Thus far Common Core standards have been published for mathematics and English language arts. Related science standards have been recently released by Achieve, Inc. History standards have also been prepared by another organization. No diocese (for that matter, no state) is bound to implement these standards just by dint of having signed onto Common Core’s English and math standards. We nonetheless believe that the same financial inducements, political pressure, and misguided reforming zeal that rushed those standards towards acceptance will conspire to make acceptance of the history and science standards equally speedy – and unreflective and unfortunate.
These new standards will very likely lower expectations for students, just as the Common Core math and English standards have done. More important, however, is the likelihood that they will promote the prevailing philosophical orthodoxies in those disciplines. In science, the new standards are likely to take for granted, and inculcate students into a materialist metaphysics that is incompatible with, the spiritual realities –soul, conceptual thought, values, free choice, God– which Catholic faith presupposes.
We fear, too, that the history standards will promote the easy moral relativism, tinged with a pervasive anti-religious bias, that is commonplace in collegiate history departments today.
Common Core is innocent of America’s Catholic schools’ rich tradition of helping to form children’s hearts and minds. In that tradition, education brings children to the Word of God. It provides students with a sound foundation of knowledge and sharpens their faculties of reason. It nurtures the child’s natural openness to truth and beauty, his moral goodness, and his longing for the infinite and happiness.
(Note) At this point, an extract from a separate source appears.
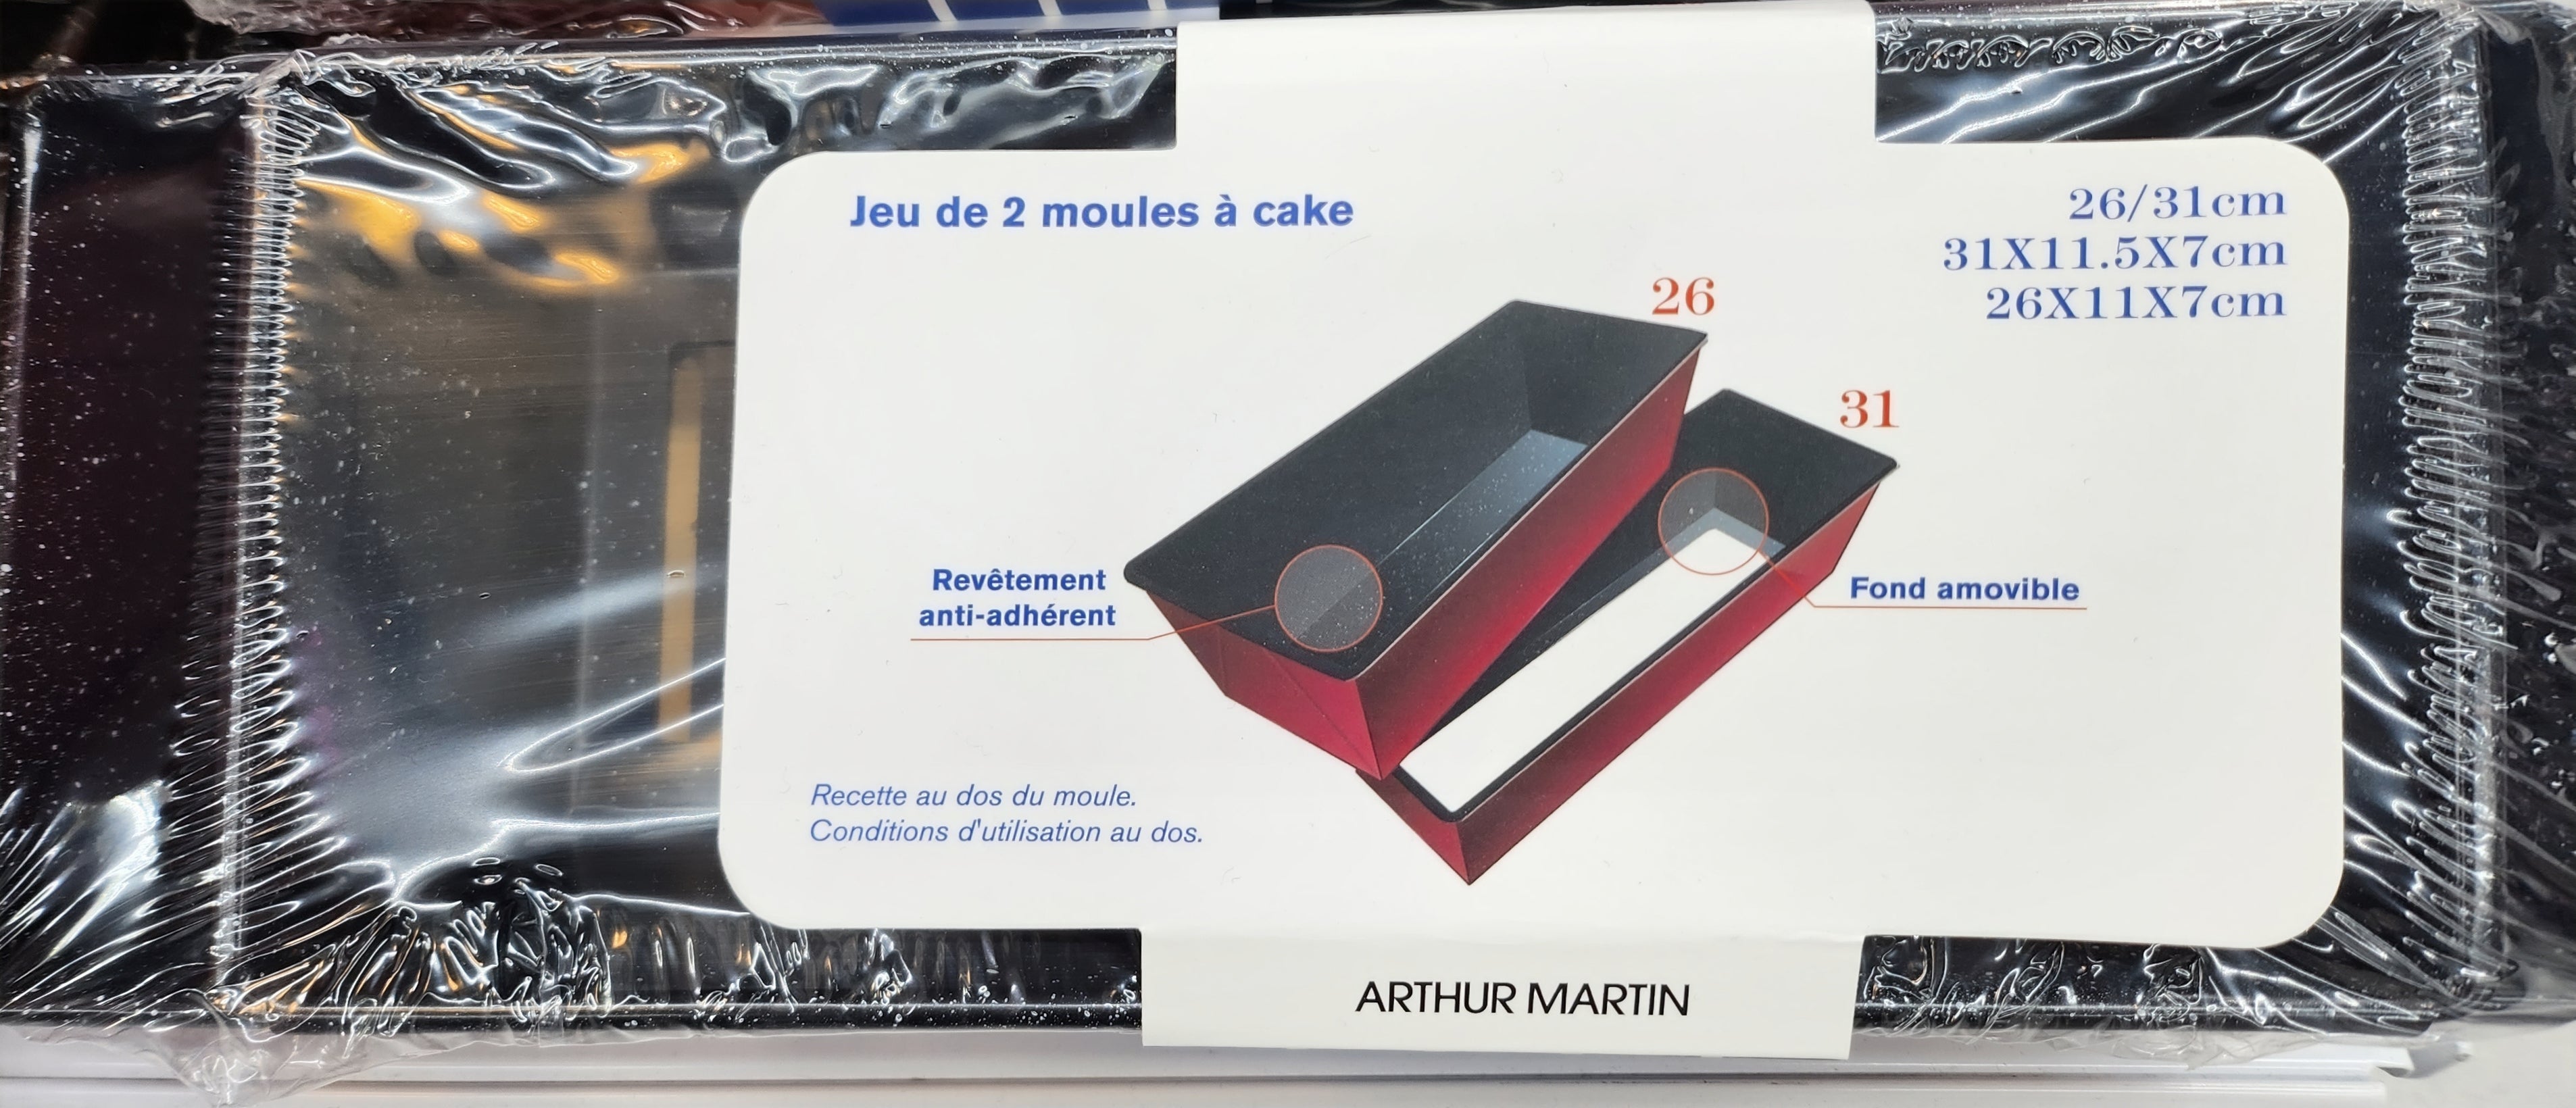 Juego de 2 moldes para tartas Arthur Martin de 26 y 31 cm
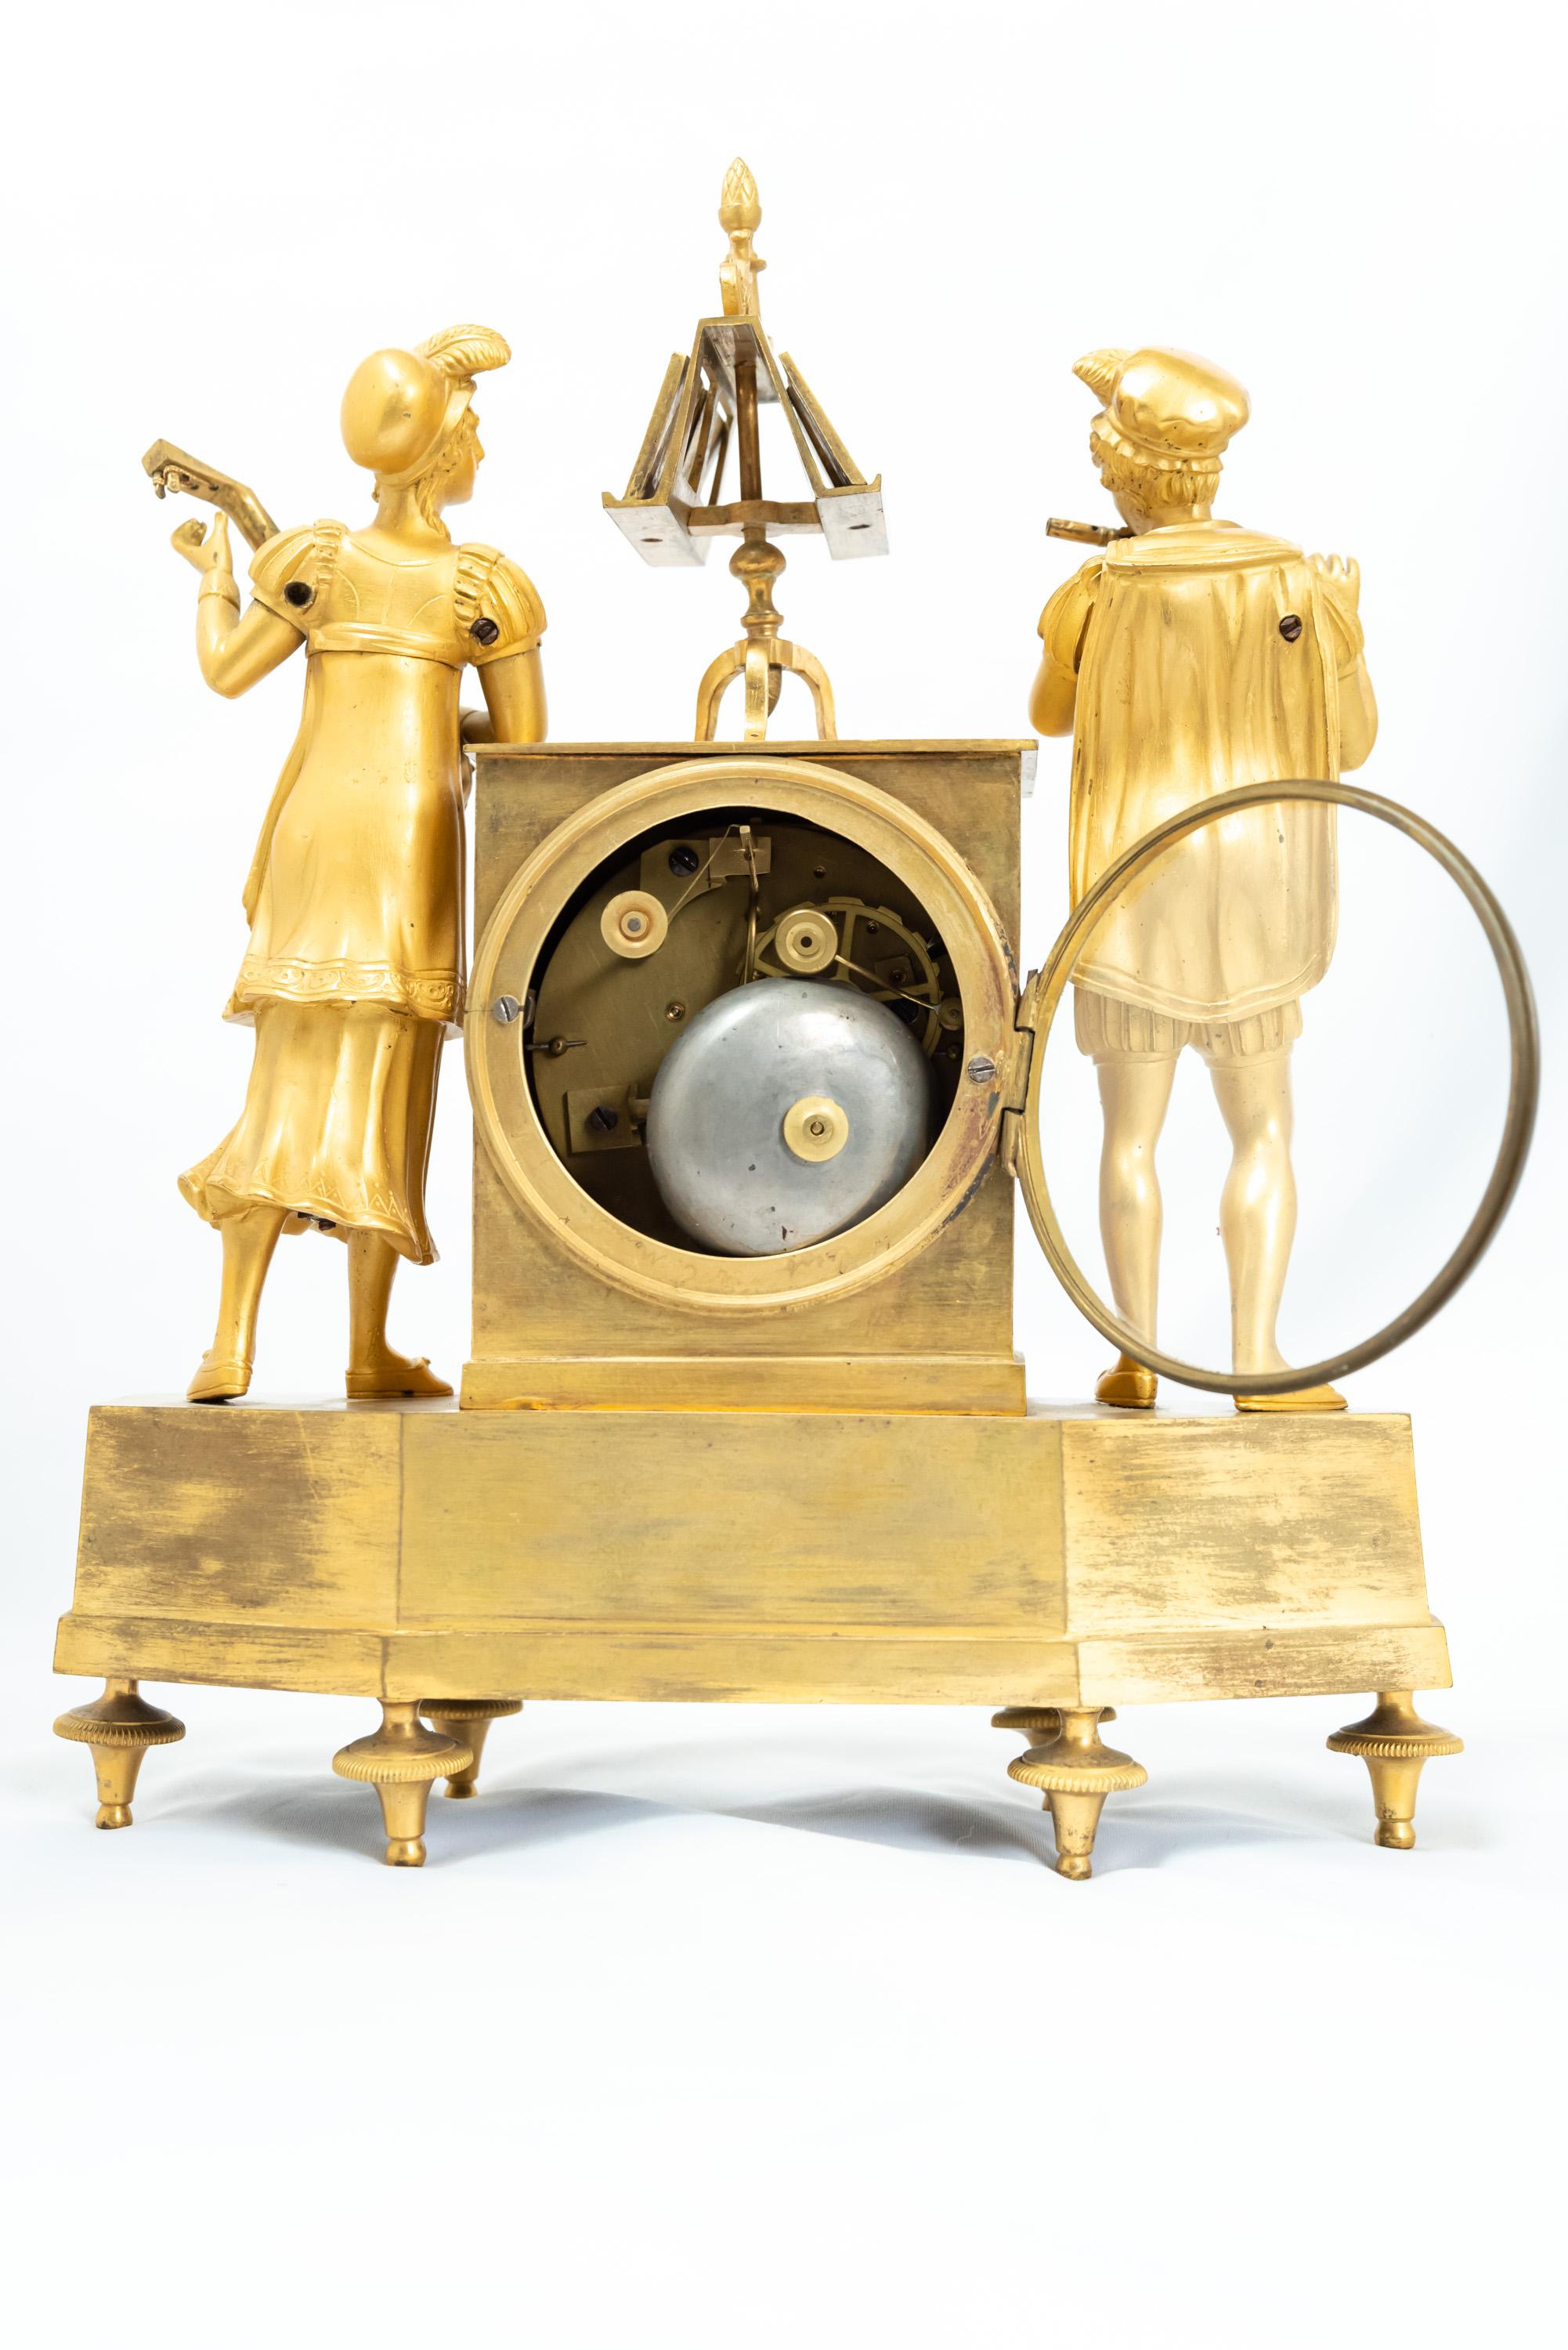 19th Century French Fire-Gilt Bronze Clock Depicting Troubadour Figures c. 1820 For Sale

It equips students to understand the laws of nature and to recognize the face of God in their fellow man.
Education in this tradition forms men and women capable of discerning and pursuing their path in life and who stand ready to defend truth, their church, their families, and their country.
The history of Catholic education is rich in tradition and excellence. It embraces the academic inheritance of St. Anselm, St. Augustine, St. Thomas Aquinas, and Blessed John Henry Newman. In contrast to such academic rigor, the Common Core standards lack an empirical evidentiary basis and have not been field-tested anywhere. Sadly, over one hundred Catholic dioceses have set aside our teaching tradition in favor of these secular standards.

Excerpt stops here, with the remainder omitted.